#### Task instructions:
Leave the pictures out. Return the rest of the listing below exactly.

#### Dataset excerpt:
◇ ◇ ◇ ◇
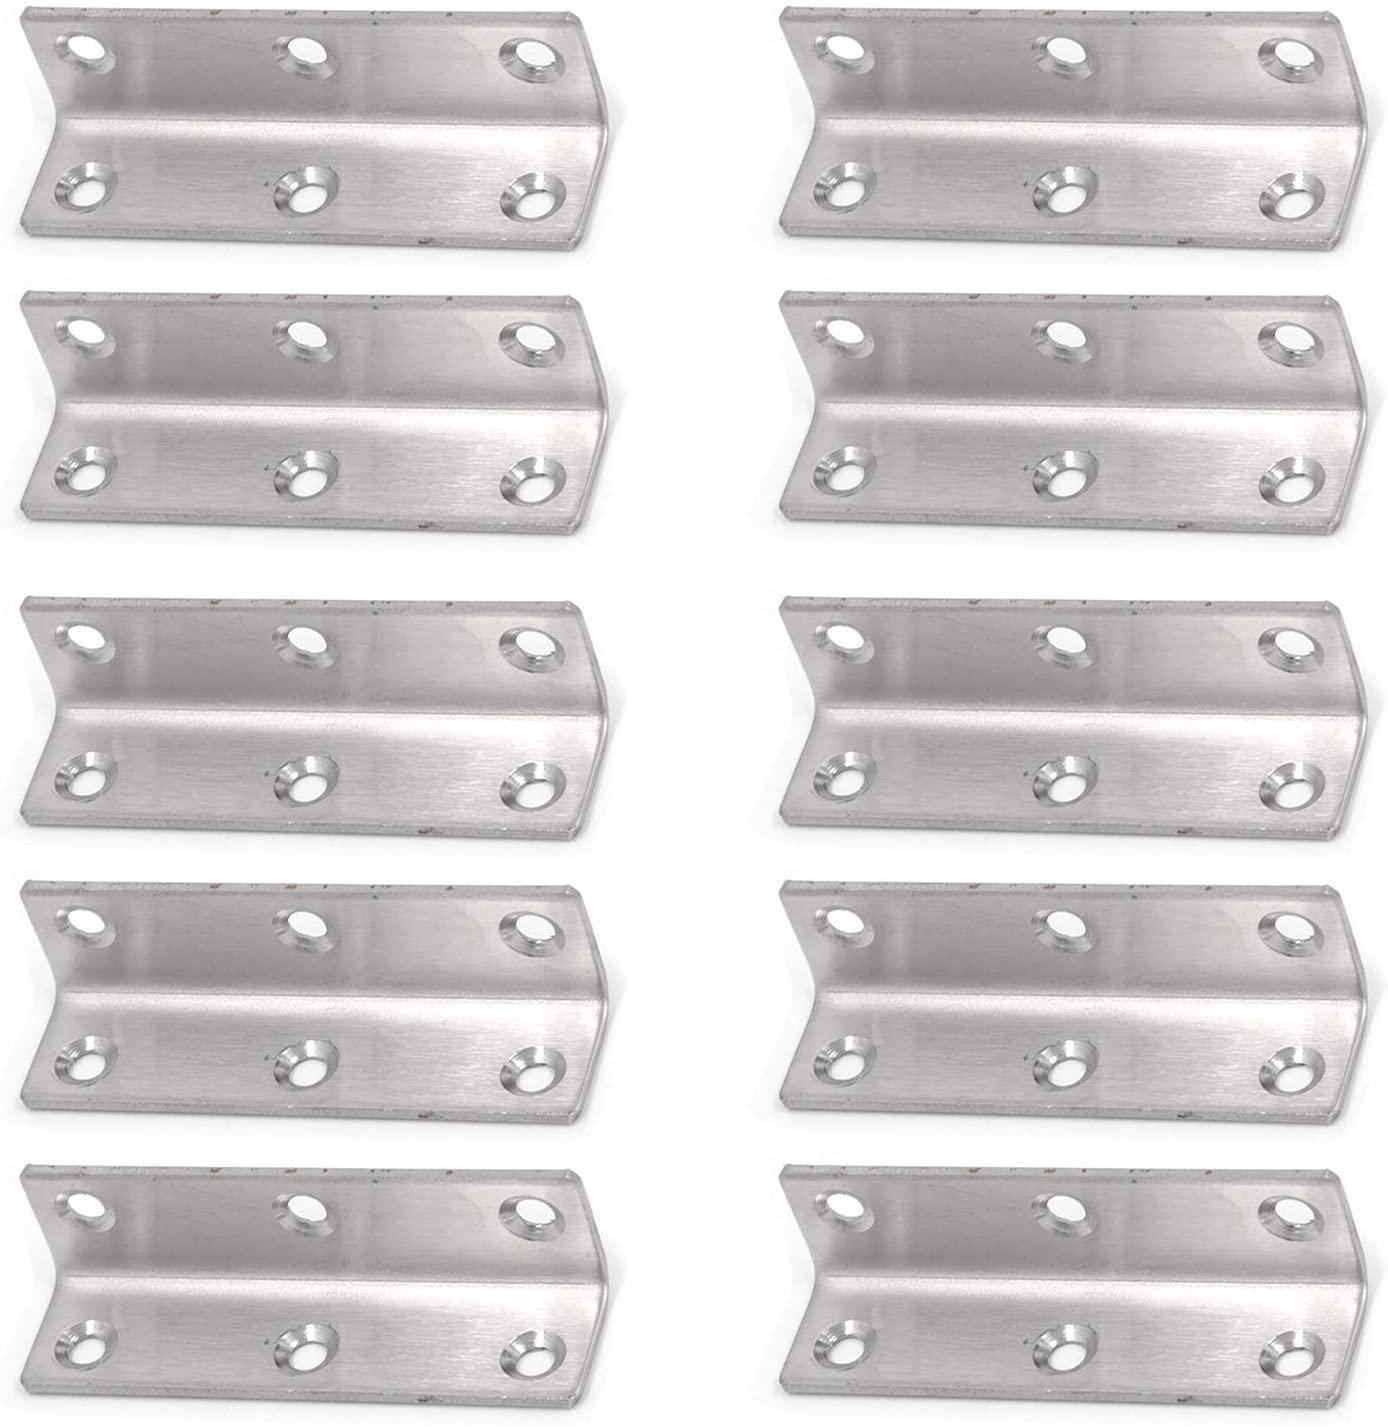 Geesatis 10 Pcs Right Angle Corner Brace Bracket Connector L Shaped Support Shelf Bracket Door Window Corner Brackets with Mounting Screws, 3 x 0.8 inch / 80 x 20mm, Silver
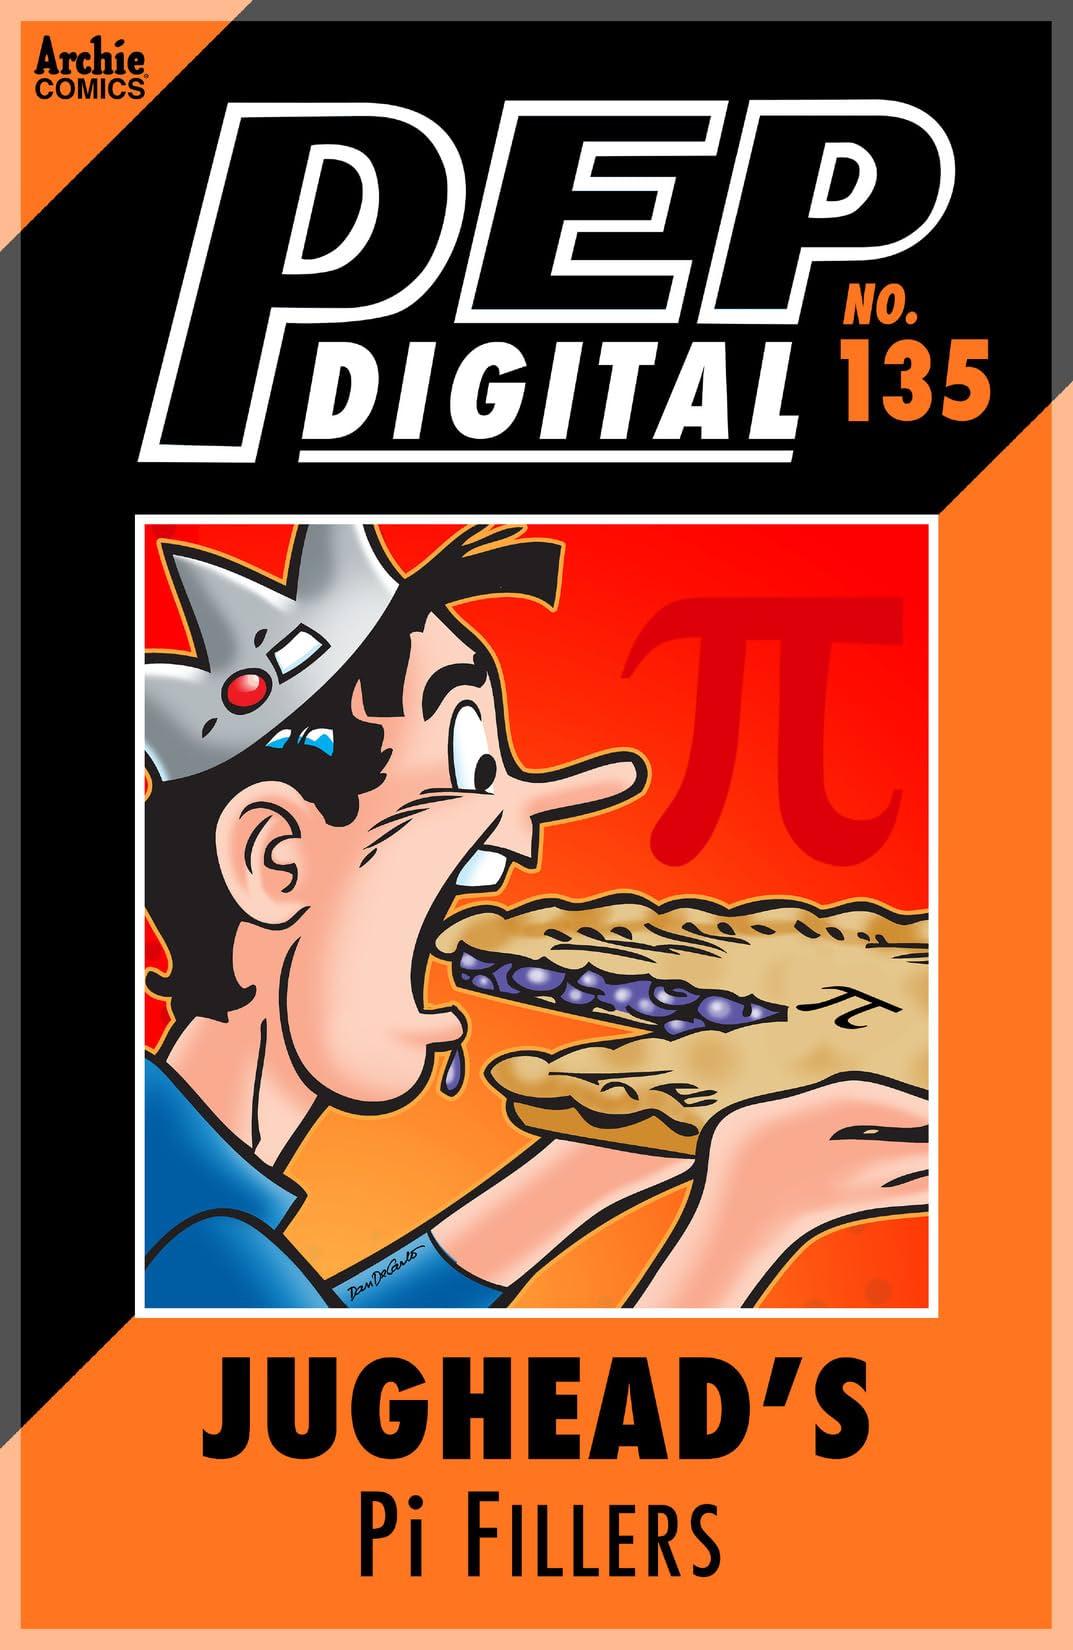 PEP Digital #135: Jughead's Pi Fillers
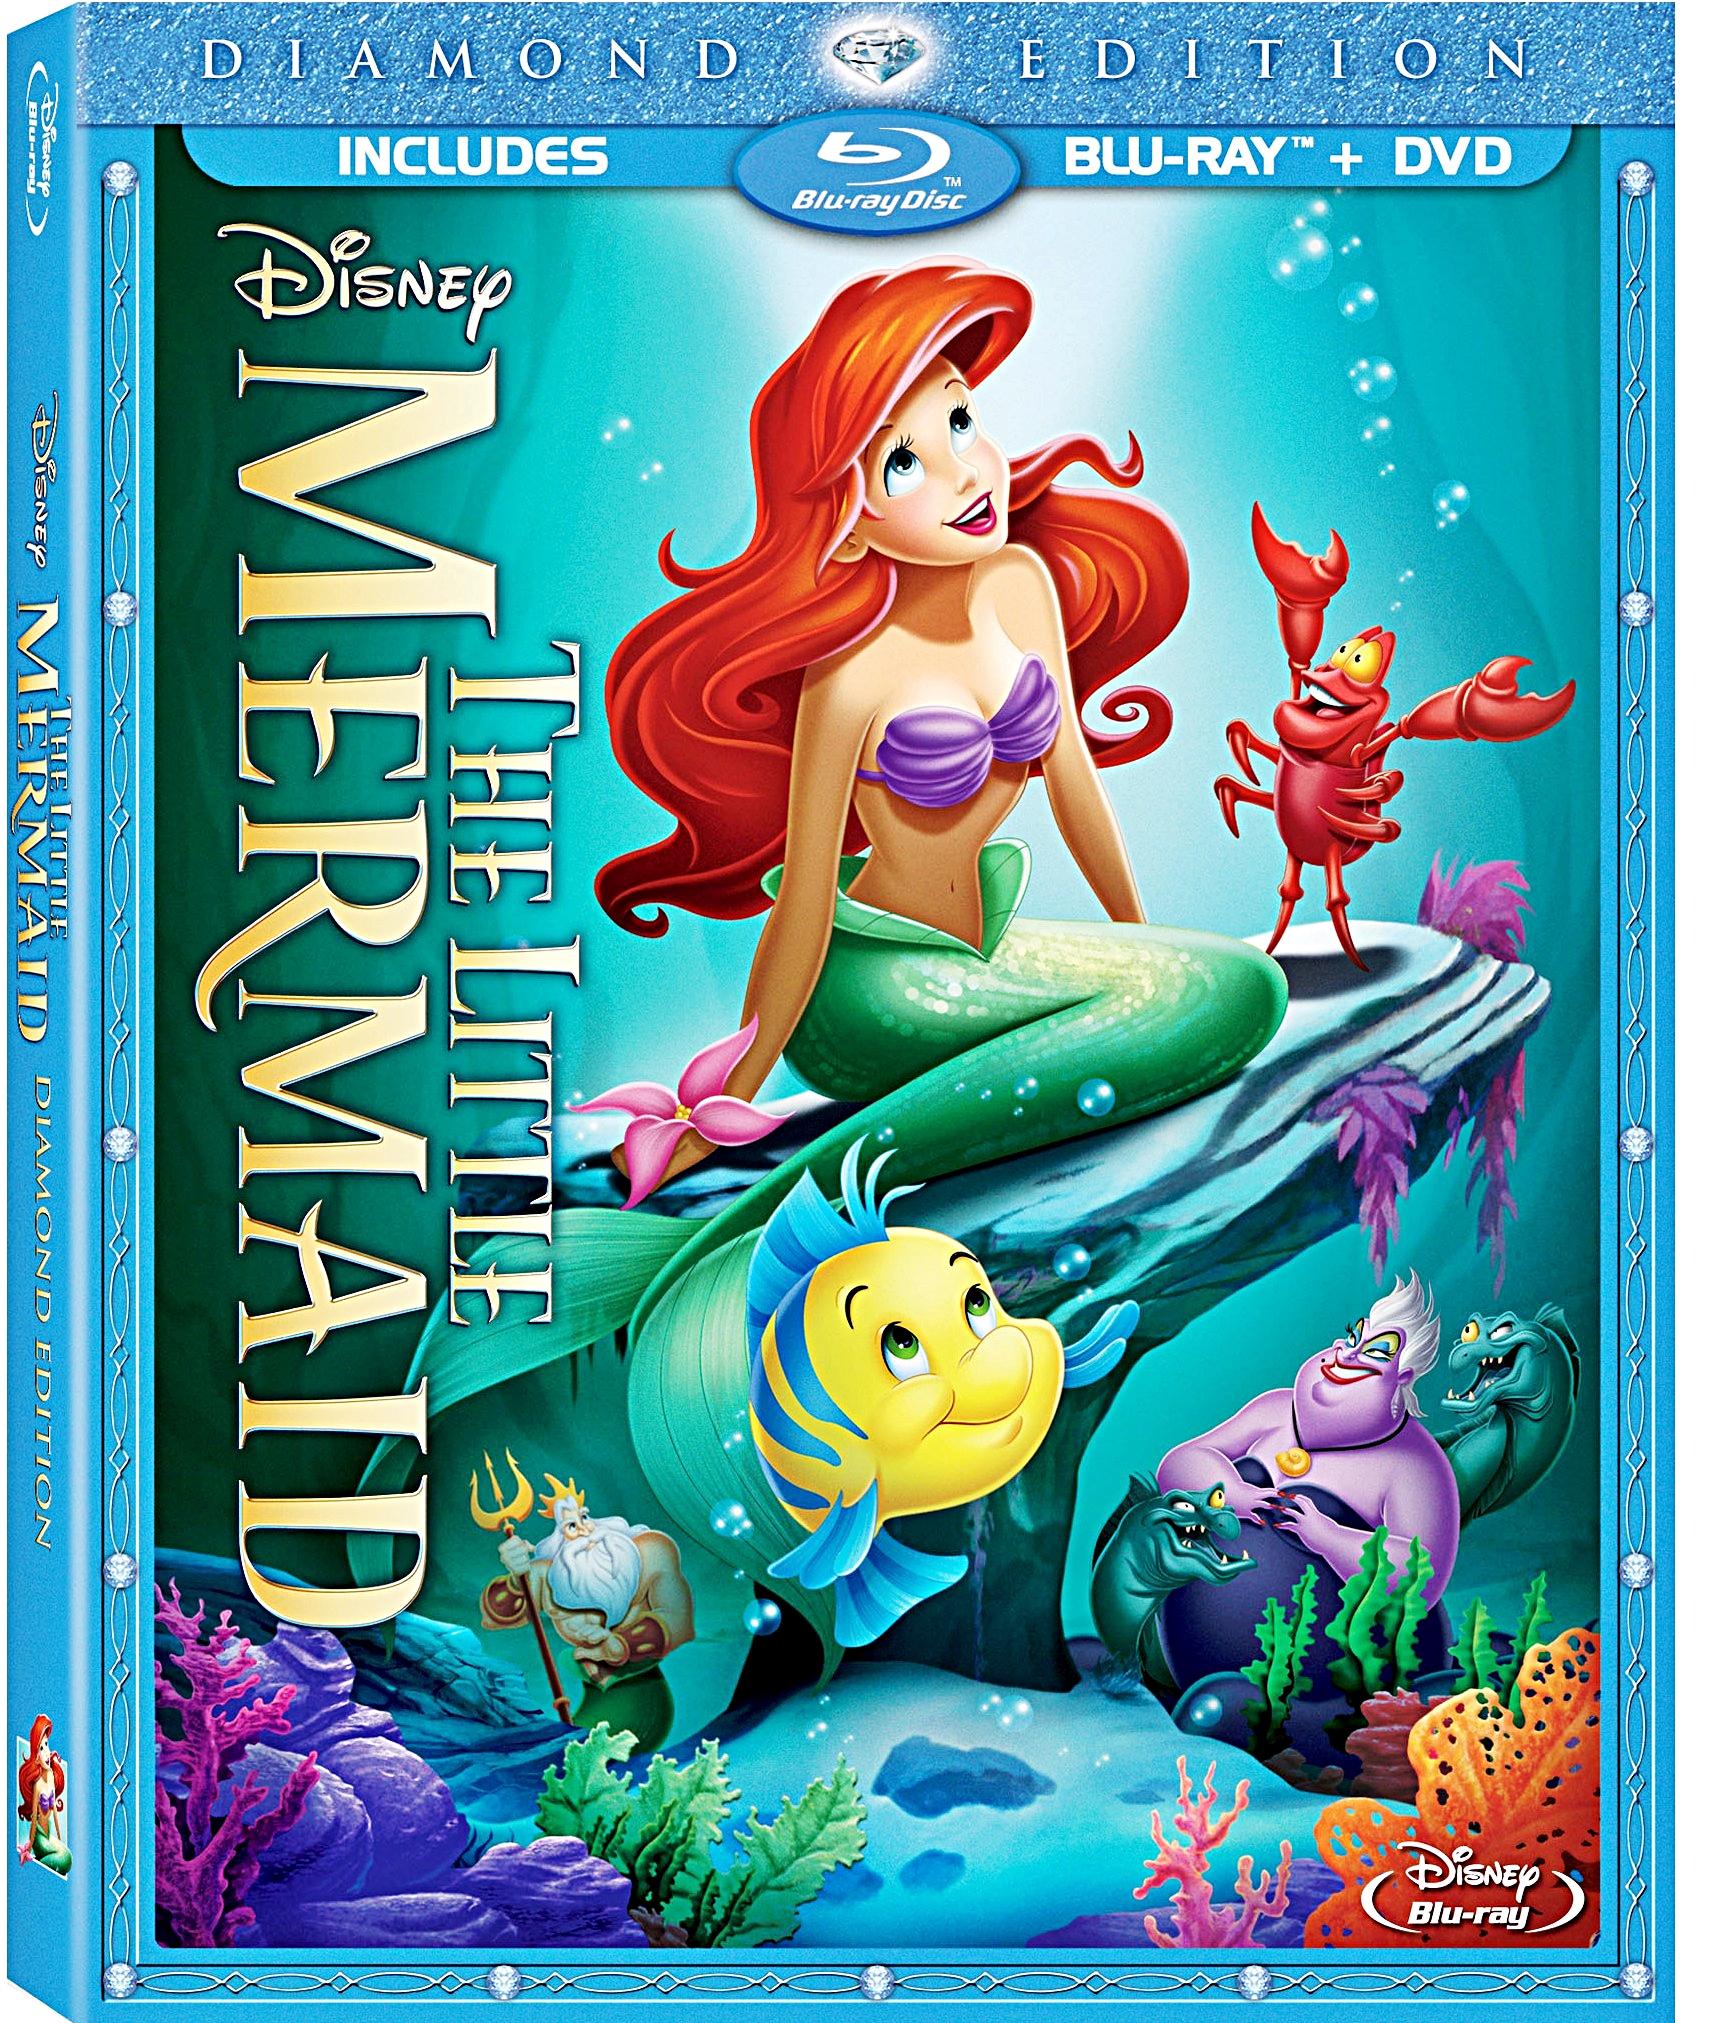 Edition Diamond: The-Little-Mermaid-Diamond-Edition-Blu-Ray-Cover
◇ ◇ ◇ ◇
#### Response area:
 Geesatis 10 Pcs Right Angle Corner Brace Bracket Connector L Shaped Support Shelf Bracket Door Window Corner Brackets with Mounting Screws, 3 x 0.8 inch / 80 x 20mm, Silver
 PEP Digital #135: Jughead's Pi Fillers
 Edition Diamond: The-Little-Mermaid-Diamond-Edition-Blu-Ray-Cover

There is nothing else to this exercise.